Según Rubio, esos ingresos serían administrados por Estados Unidos para evitar que caigan en redes de corrupción o estructuras asociadas al chavismo, un planteamiento que ha generado críticas por su impacto en la soberanía venezolana.

Fase dos: recuperación

Si el flujo petrolero se reactiva, comenzaría una etapa de recuperación económica. Rubio explicó que empresas estadounidenses, occidentales y de otros países tendrían acceso al mercado venezolano en condiciones “justas”, mientras el petróleo serviría para financiar al Estado.

En paralelo, esta fase incluiría un proceso de reconciliación nacional, con amnistías, liberación de presos políticos y retorno de exiliados, según declaraciones recogidas por Efecto Cocuyo y Reuters.

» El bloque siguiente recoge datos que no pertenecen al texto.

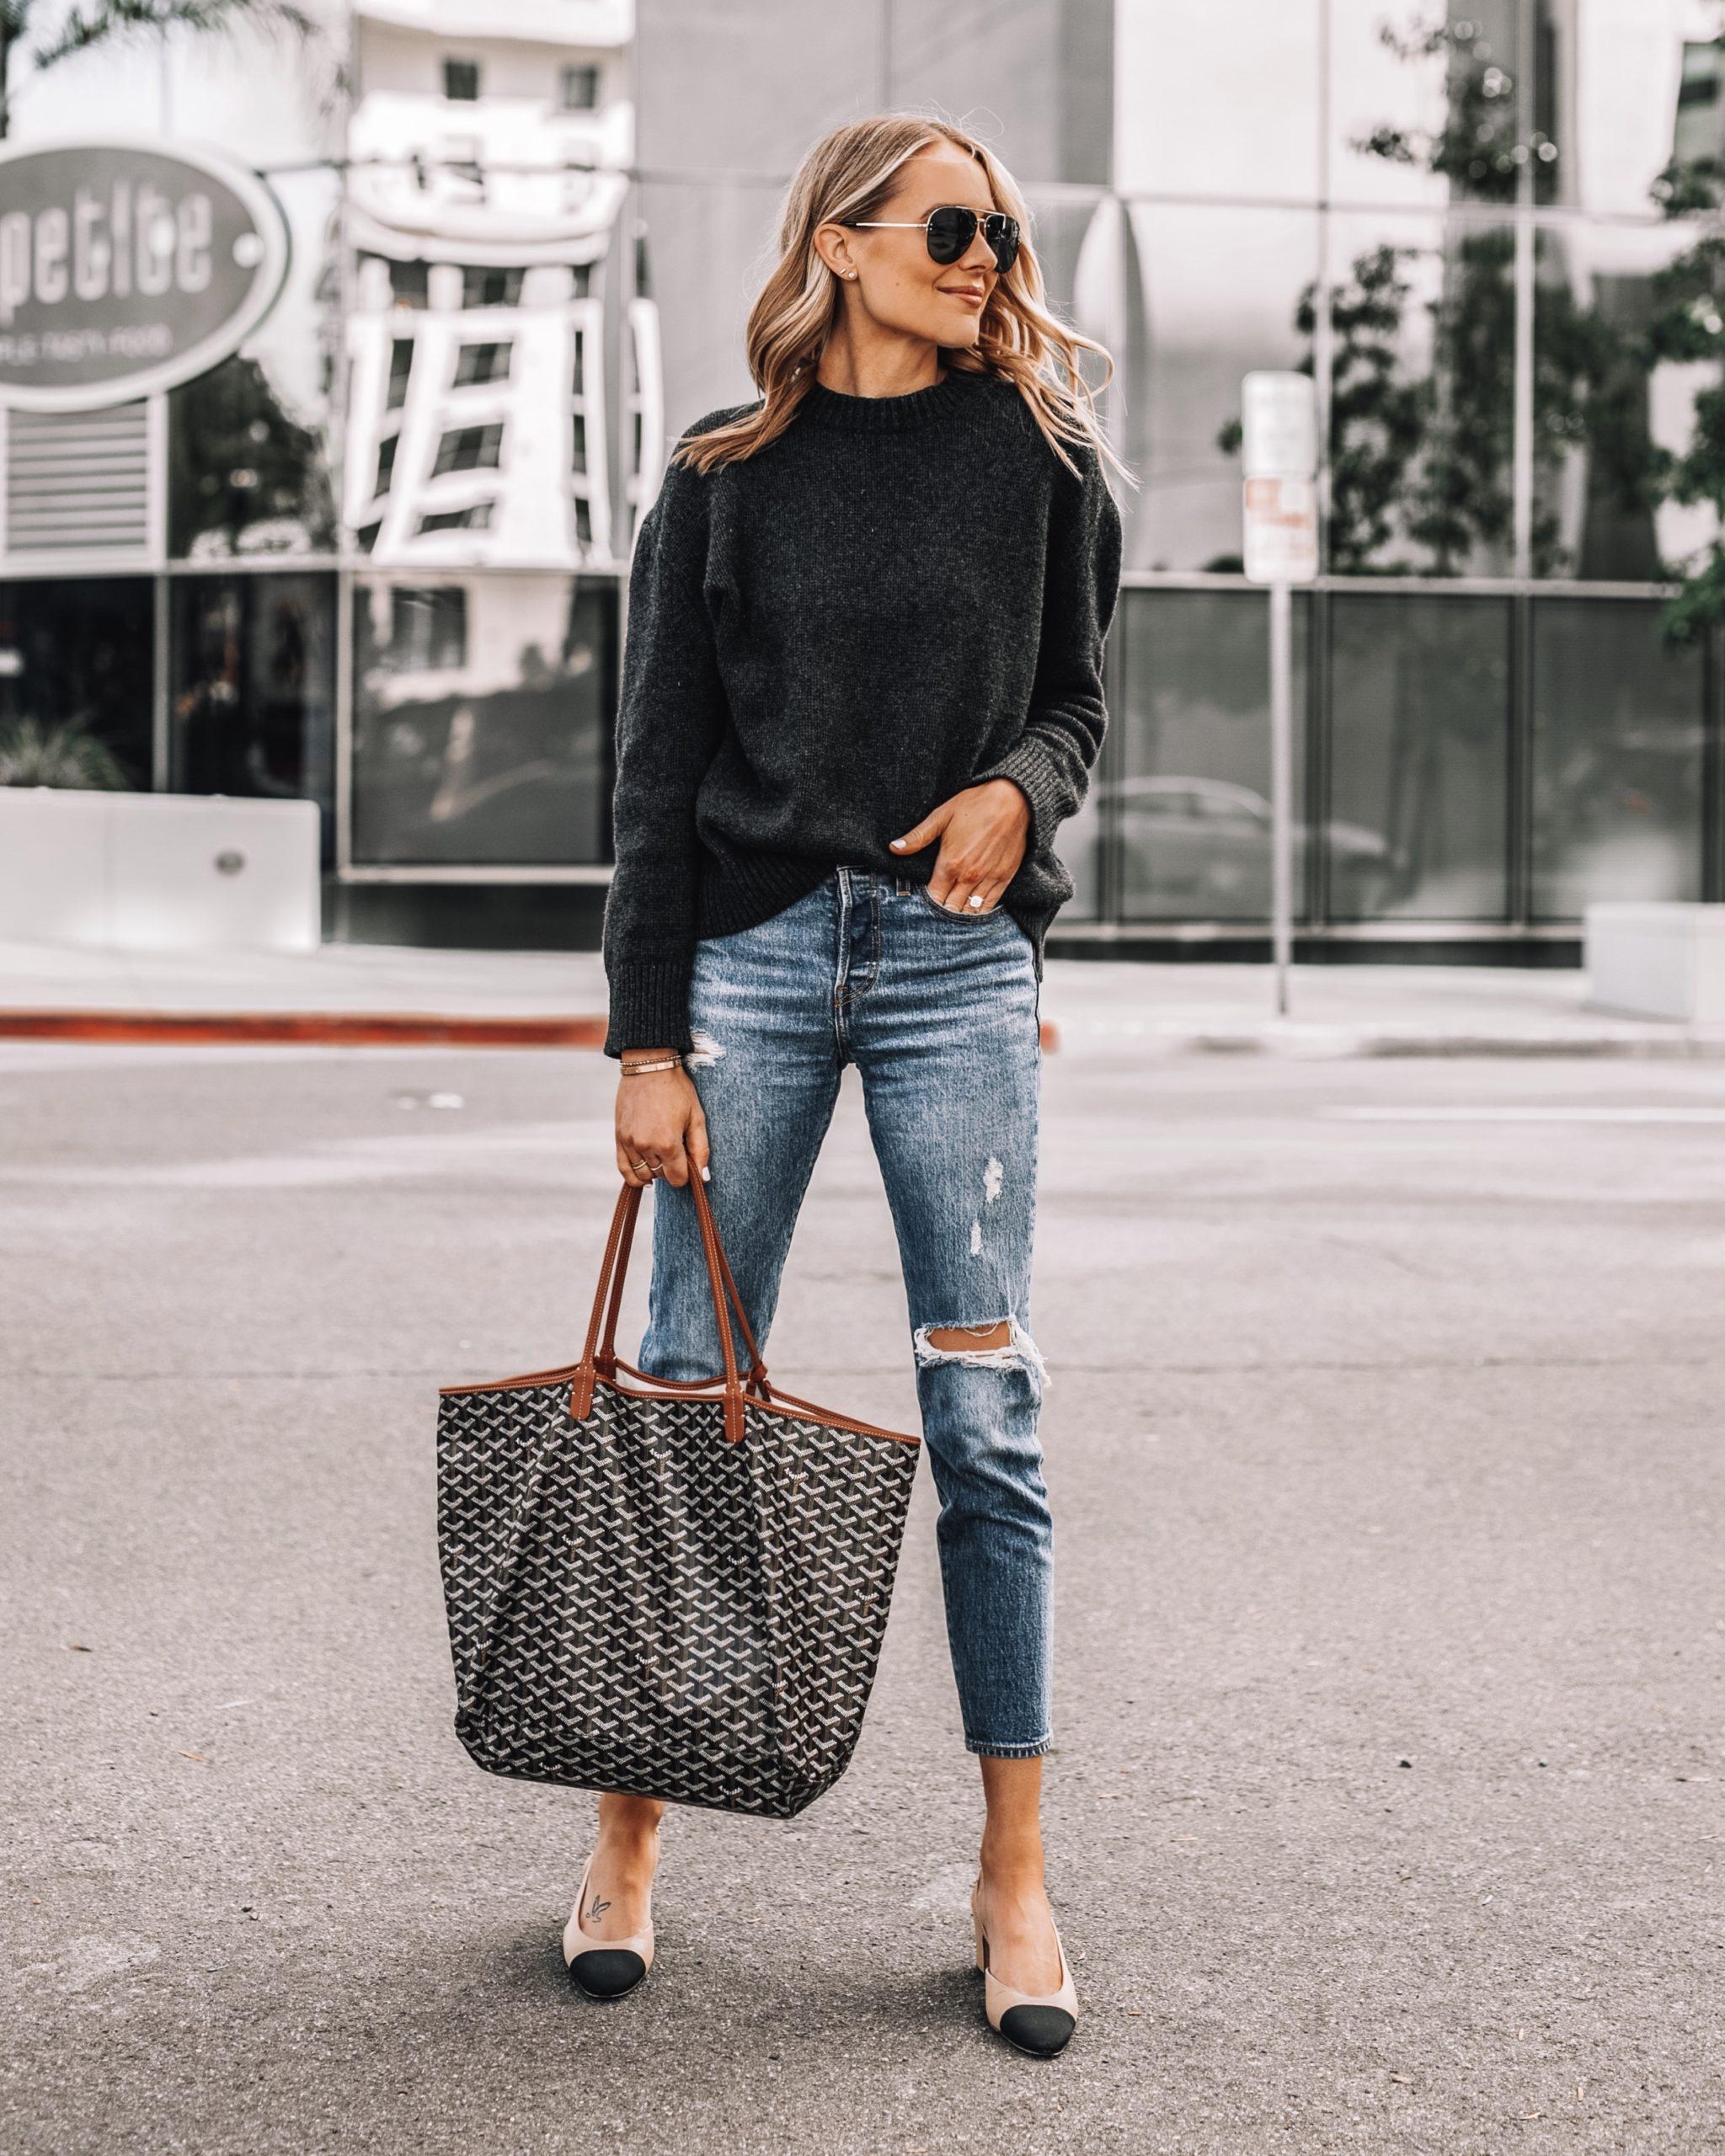 Fashion Jackson Wearing Anine Bing Grey Sweater Levis Ripped Jeans Chanel Slingbacks Goyard Tote

La oposición democrática ha insistido en que la liberación de detenidos debe ser inmediata, sin plazos prolongados.

Fase tres: transición

La última fase contempla una transición política más profunda, aunque Rubio evitó precisar calendarios. Trump, en cambio, afirmó que la recuperación plena de la industria petrolera venezolana podría tardar al menos 18 meses, de acuerdo con Reuters.

Rusia, China y el impacto global

Para Rusia, la escolta al Marinera representa un desafío directo a la aplicación extraterritorial de sanciones estadounidenses. Analistas citados por Newsweek y Reuters consideran que Moscú busca sentar el precedente de que no aceptará interdicciones sin costo político, especialmente cuando afectan redes energéticas vinculadas a sus aliados.

China, aunque ausente del episodio naval, es uno de los actores más impactados. Reuters informó que refinerías independientes chinas evalúan reemplazar crudo venezolano con petróleo ruso o iraní, tras las interrupciones registradas a inicios de 2026. El Center on Global Energy Policy de la Universidad de Columbia ha señalado que una porción significativa del crudo venezolano termina en China, incluso cuando no aparece reflejada plenamente en estadísticas oficiales.

La redirección de barriles hacia Estados Unidos, combinada con bloqueos navales y presión logística, podría acelerar una fragmentación del mercado energético, con circuitos paralelos de comercio y mayor volatilidad para países dependientes de importaciones.

Movimiento en el monopolio
La incautación del Marinera, el anuncio de transferencia masiva de petróleo a Estados Unidos y el plan de tres fases presentado por Marco Rubio confirman que el petróleo vuelve a ocupar un lugar central en la geopolítica global. No se trata solo de sanciones o comercio, sino de control de rutas, administración de recursos y rediseño de alianzas. En este nuevo tablero, Venezuela es el epicentro, pero las consecuencias se proyectan mucho más allá de sus fronteras.